Seorang teman pengurus FIM Jakarta 2020 mengubungi saya untuk Ngabubulive sore ini. Dadakan memang. Tapi karena lagi lowong, saya terima saja. Beruntung bisa sekalian nyimak apa yang akan disampaikan. Judulnya selintas biasa saja, Tips Menghafal Quran.

Sore ini, saya “diarahkan” untuk menyimak diskusi seputar Quran. Kemarin sore, saya “memutuskan” untuk menyimak @AhlanRamadhan.id yang temanya juga hampir sama. Itu pun saya putuskan setelah membaca pesan tambahan di grup, bukan broadcast utama. Sebelumnya saya tidak meniatkan hadir. Walau hasilnya, saya tetap ikut dan menyimak.

Atas momen dua hari ini, saya bertanya pada diri sendiri. Apa pelajaran yang ingin Allah berikan?

***

Saya adalah tipe orang yang “bodo amat” saat memutuskan suatu hal. Asalkan saya tahu tujuan, maka jalan saja. Mau apa kata orang, ya biarkan. Bahkan walau hati berbisik ragu, saya tetap jalan saja. Karena seringkali ragu itu hadir bukan untuk mengingatkan, tapi malah menghambat. Tapi belakangan, entah kenapa saya jadi terpikirkan tentang hal sederhana. Kejujuran hati.
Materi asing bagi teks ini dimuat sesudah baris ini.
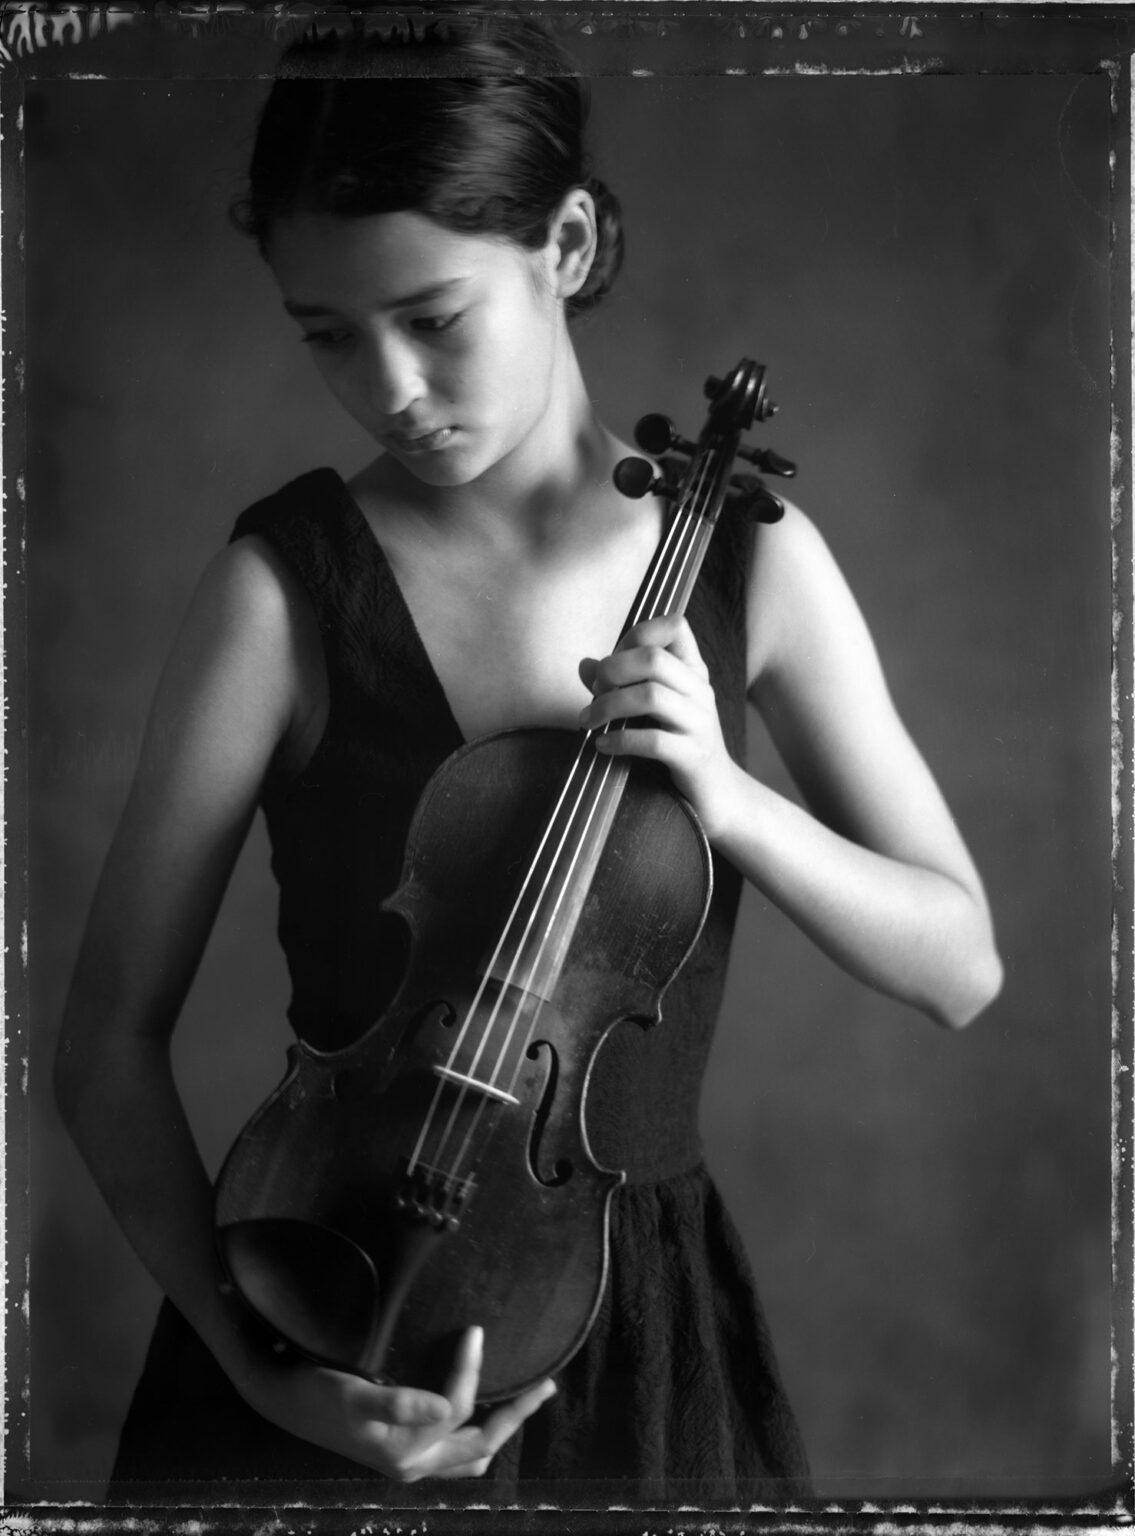 55-Alex-viola

Saya teringat dengan tulisan tentang Mindfullness Writing. Tulisan itu awalnya hadir karena diskusi dengan seorang penulis lainnya. Tulisannya bagus. Tapi jika dibandingkan dengan saya, suara khasnya berbeda. Saya dengan tone yang lebih cepat dan (semoga) insightful, dia dengan tone lebih pelan dan kontemplatif. Kadang saya berpikir, apakah saya harus menulis seperti itu? Karena tulisan semacam itu lebih menyentuh. Asumsi saya begitu. Nyatanya tidak harus juga. Bukankah setiap tulisan punya penikmatnya sendiri dan setiap pembaca punya seleranya sendiri? Banyak penulis yang tidak pede dengan tulisannya ya karena itu. Coba deh baca Mindfullness Writing.

Kalau ingin melihat lebih jauh, setiap dari kita punya jalannya masing-masing untuk mencapai tujuan kecil yang berbeda tapi berujung sama. Yang penting Allah ridho. Begitu pula tulisan. Nggak masalah gaya tulisan kita beda. Toh ujungnya sama kan? Semoga saja.

Berbicara tentang kejujuran hati ini, saya suka sekali mengingatkan diri dengan pesan dari Ustadz Oemar Mitha yang juga sudah saya tulis di blog.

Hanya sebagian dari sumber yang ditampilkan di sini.